Selon Minami Miyashita, Musil se réfère à la physique des sensations d’Ernst Mach pour souligner l’importance de l’espace dans La tentation de Véronique la tranquille qui était intitulée dans sa première version Das verzauberte Haus (la maison enchantée). Le repli de Véronique sur elle-même est mis en rapport avec la sensation autistique d’être « sous une cloche ». L’espace de cet habitat est un espace « physiologique » dans la dynamique de la relation sujet/objet (« Je pense à notre maison, à ses ténèbres avec ses escaliers qui craquent et les fenêtres qui gémissent, ses recoins, ses grandes armoires »), un espace plein d’angoisse, incertain et vide qui répond au vertige de la névrose de l’héroïne et à sa vacillante identité.
Les représentations occidentales et japonaises du grand hôtel sont opposées.
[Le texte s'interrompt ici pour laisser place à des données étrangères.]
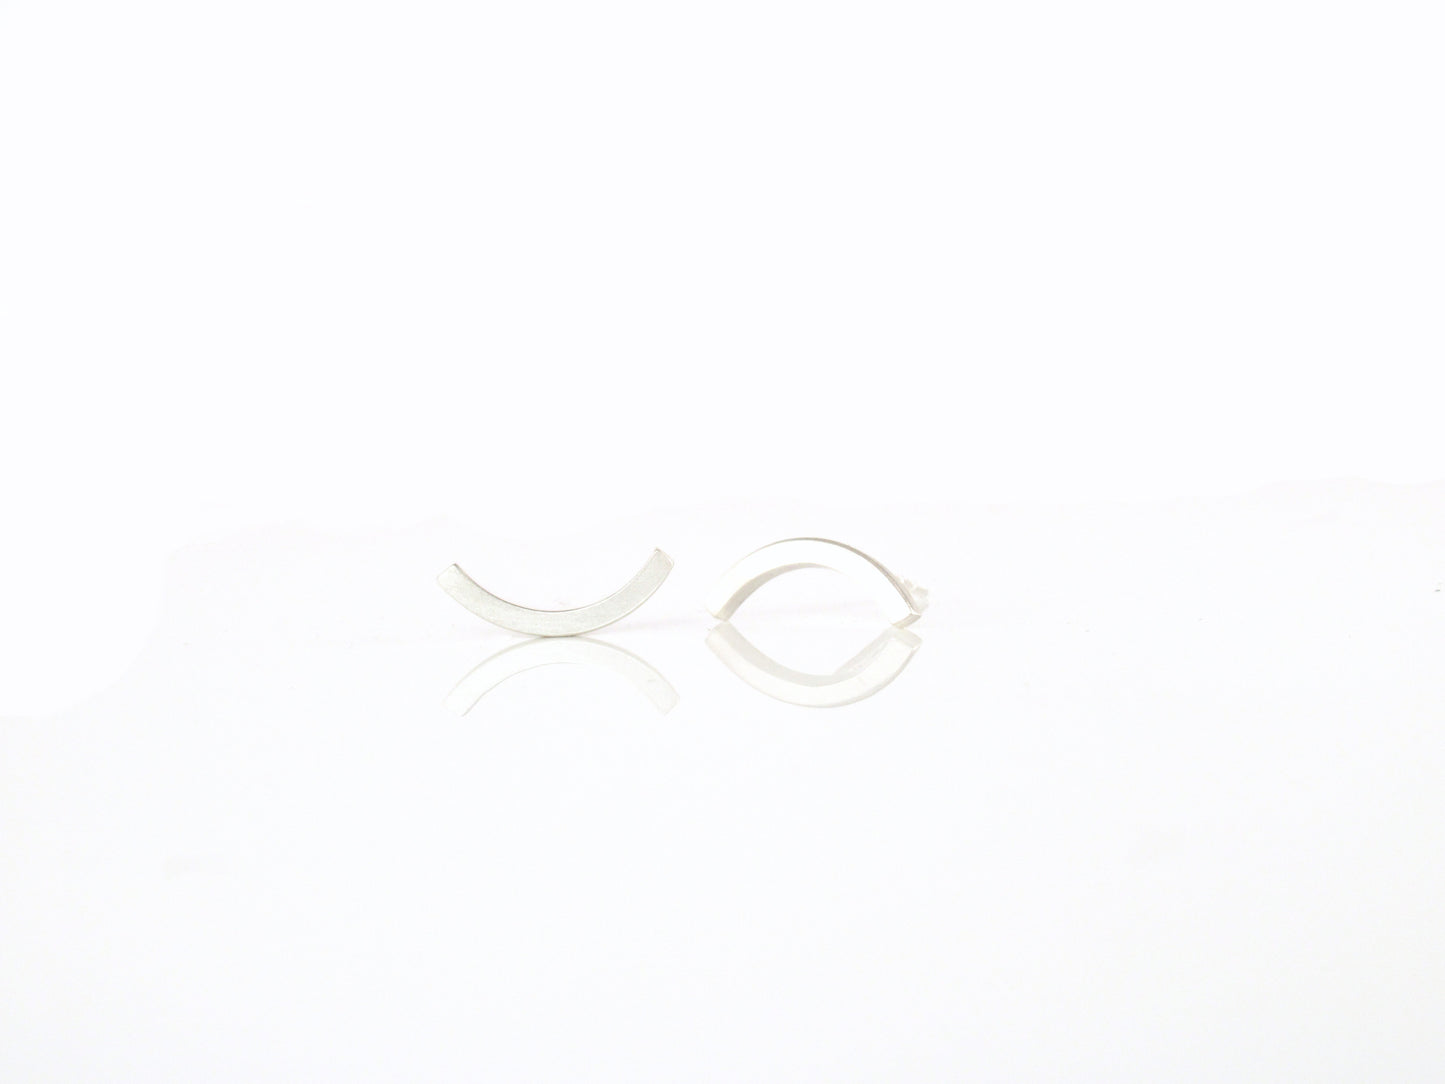 Earrings made by ZEALmetal, Nicole Horlor, Kingston, ON, Canada

Si avec Vicki Baum et Joseph Roth ce lieu de transit est aussi une société en miniature, un symbole de civilisation et d’esthétique tout en étant l’incarnation de la société marchande capitaliste, l’implantation de l’hôtel moderne dans la société japonaise suscite chez les écrivains ironie et pessimisme (Natsume Soseki, Agutawa Ryunosuke) avant que ne s’estompent les différences dans la globalisation. Le sanatorium quant à lui est un lieu d’habitat (identique à Nagano ou Davos) dans La Montagne magique de Thomas Mann et dans le roman autobiographique Le vent se lève (1937) de Tatsuo Hori où celui-ci décrit sa relation avec son épouse malade de la tuberculose et dont Miyazaki s’est librement inspiré pour son film d’animation. Coupé du monde, le sanatorium est aussi un lieu où la routine elle-même favorise la passion amoureuse que ce soit chez Hans Castorp ou Jiro Horikoshi.
Ilse Aichinger fait la différence entre habiter, se sentir chez soi et n’être nulle part. L’époque nazie a fortement contribué à mettre en question ces termes. L’interné du camp de concentration n’habite plus, de même le jeune errant japonais trouvant refuge dans le café internet ou encore le couple de vieillards abandonnés dans la montagne pour y mourir dans la pièce radiophonique de Shuji Terayama. Le désir de survie des personnages renverse de manière radicale la manière de penser habituelle concernant la stabilité de l’habitat.
L’ouvrage se termine par un chapitre consacré à l’habitat japonais, d’abord en récapitulant la conception de Watsuji Tetsuro que l’on connaît bien en France grâce à la traduction de Fudo d’Augustin Berque (lui-même analysé dans un autre article), puis en montrant comment l’ère contemporaine tend à dissocier le lien traditionnel maison-famille avec Kitchen de Banana Yoshimoto, où la cuisine devient un entre-deux entre l’ancien et le nouvel habitat et le roman de Sayaka Murata Konbini (La Fille de la supérette) témoignant de l’intégration au konbini comme seule réalité.
S’il est difficile de faire une synthèse de ce vaste ensemble (de nombreux articles méritent pour eux-mêmes une recension détaillée et un commentaire), on soulignera le grand intérêt d’un riche ouvrage où, en outre, chaque article est muni d’une riche bibliographie, invitant à poursuivre le voyage.